In 1778 during the American Revolutionary War, France declared war on Britain, and in 1779 Spain followed suit. That year, the Spanish Governor Don Bernardo de Gálvez led a militia of nearly 1,400 soldiers and a small contingent of rebellious English-speaking colonials from New Orleans toward Baton Rouge. They were victorious in the Battle of Fort Bute and the naval Battle of Lake Pontchartrain, before capturing the recently constructed Fort New Richmond in the Battle of Baton Rouge. Spanish officials renamed the site Fort San Carlos and took control of Baton Rouge.

At the conclusion of the Revolutionary War, Great Britain turned West Florida over to Spain.

===1779-1810: Spanish period===

A colony of Pennsylvania German farmers migrated north from Bayou Manchac, after a series of floods in the 1780s, and settled to the south of Baton Rouge. Known locally as "Dutch Highlanders" ("Dutch" being a corruption of Deutsch, in reference to their language), they settled along a line of bluffs that served as barrier to the Mississippi River floodplain.

Historic Highland Road, located in the heart of present-day Baton Rouge, was originally established as a supply road for the indigo and cotton plantations of the early settlers. The ethnic Germans named two major roads in the area, Essen and Siegen lanes, after cities in Germany. The Kleinpeter and Staring families were among the most prominent of the early German families in the area. Their descendants have remained active in local business affairs since.

In 1800, the Tessier-Lafayette buildings were built on what is now Lafayette Street and survive today. Development of sections followed. In 1805, the Spanish administrator, the Francophone creole Don Carlos Louis Boucher de Grand Pré, commissioned a plan for the area today known as Spanish Town. In 1806, Elias Beauregard led a planning commission for what is today known as Beauregard Town.

==Statehood to Civil War==

===1810-1812: Republic of West Florida & Orleans Territory===

The Bonnie Blue Flag of West Florida

As a result of the United States' 1803 Louisiana Purchase, it gained the former French territory in North America (retroceded by Spain to France). At that point, Spanish West Florida was almost entirely surrounded by the United States and its possessions. The Spanish fort at Baton Rouge became the only non-U.S. military post on the Mississippi River.

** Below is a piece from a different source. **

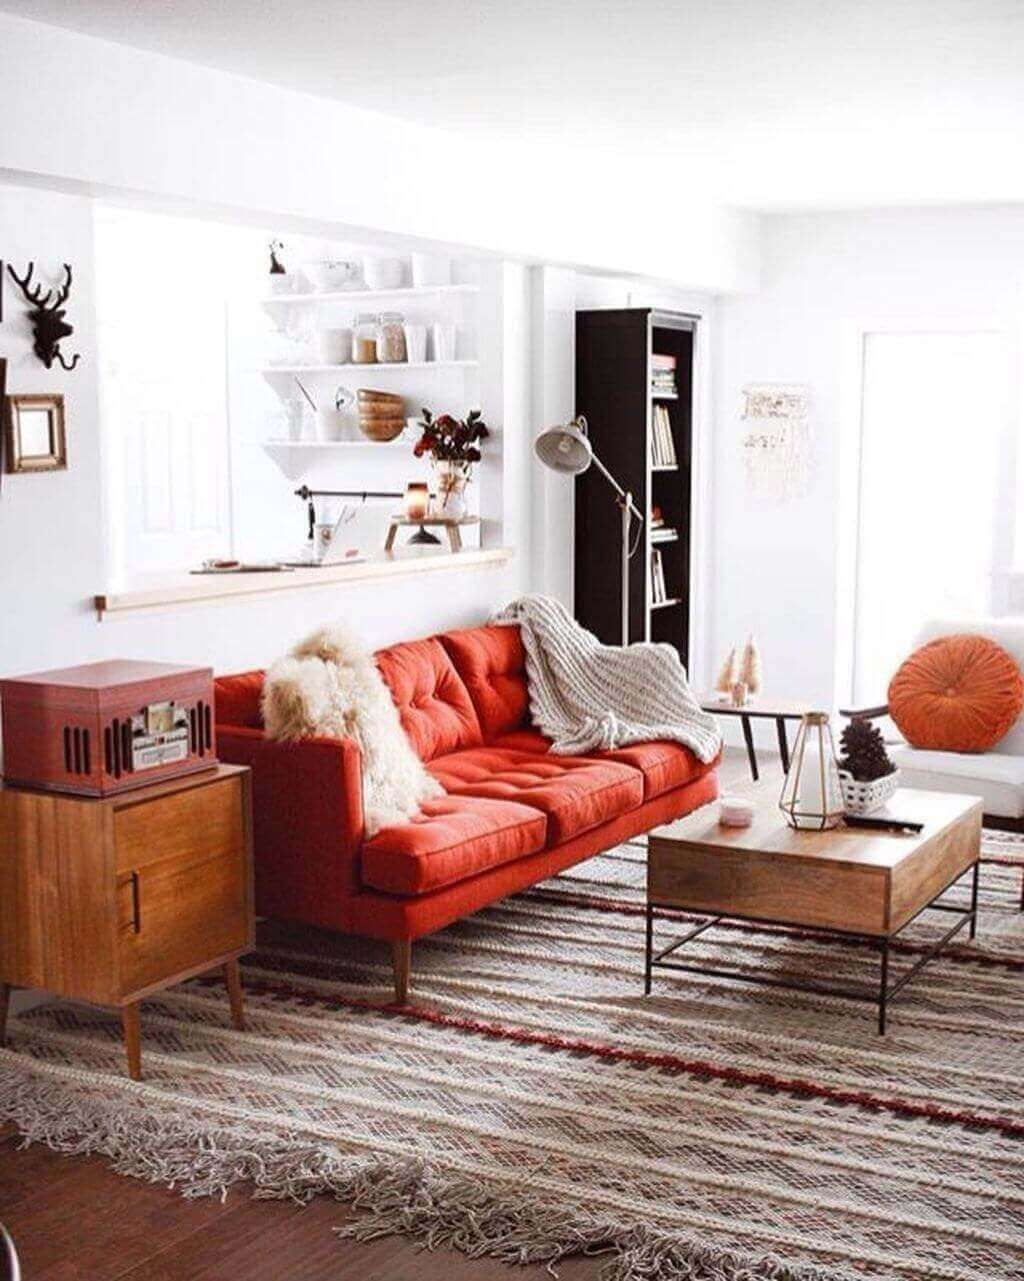 Show Living Rooms Already Decorated: 30 Scandinavian Living Room Design Ideas

Several of the inhabitants of the Baton Rouge District began to organize conventions to plan a rebellion, among them Fulwar Skipwith, a Baton Rouge citizen. At least one meeting was held in a house on a street which has since been renamed Convention Street, in their honor. On September 23, 1810, the rebels overcame the Spanish garrison at Fort San Carlos; they unfurled the flag of the new Republic of West Florida, known as the Bonnie Blue Flag. The West Florida Republic existed for almost ninety (90) days, during which St. Francisville in present-day West Feliciana Parish served as its capital.

Seizing the opportunity, President James Madison ordered W. C. C. Claiborne to move in and seize the fledgling republic to annex into the Territory of Orleans. Madison used the premise that the territory had been a part of the U.S. since 1803, citing the terms of the Louisiana Purchase, an explanation largely believed to be a deliberate error. The rebels provided no resistance to Claiborne's forces. With minor resentment, they watched the "Stars and Stripes" raised on December 10, 1810. For the first time, nearly all of the land that would become the state of Louisiana lay within U.S. territorial borders.

===1812–1860: Early statehood & incorporation as capital===

In 1812, Louisiana was admitted to the Union as a state, and in 1817 Baton Rouge was incorporated. As the town was a strategic military post, between 1819 and 1822 the U.S. Army built the Pentagon Barracks, which became a major command post through the Mexican–American War (1846–1848). Lieutenant Colonel Zachary Taylor supervised construction of the Pentagon Barracks and served as its commander. In the 1830s, what is known today as the "Old Arsenal" was built. The unique structure originally served as a gunpowder magazine for the U.S. Army post.

In 1825, Baton Rouge was visited by the Marquis de Lafayette, French hero of the American Revolution, as part of his triumphal tour of the United States. The town feted him as the guest of honor at a banquet and ball. To celebrate the occasion and honor him, the city changed the name of Second Street to Lafayette Street.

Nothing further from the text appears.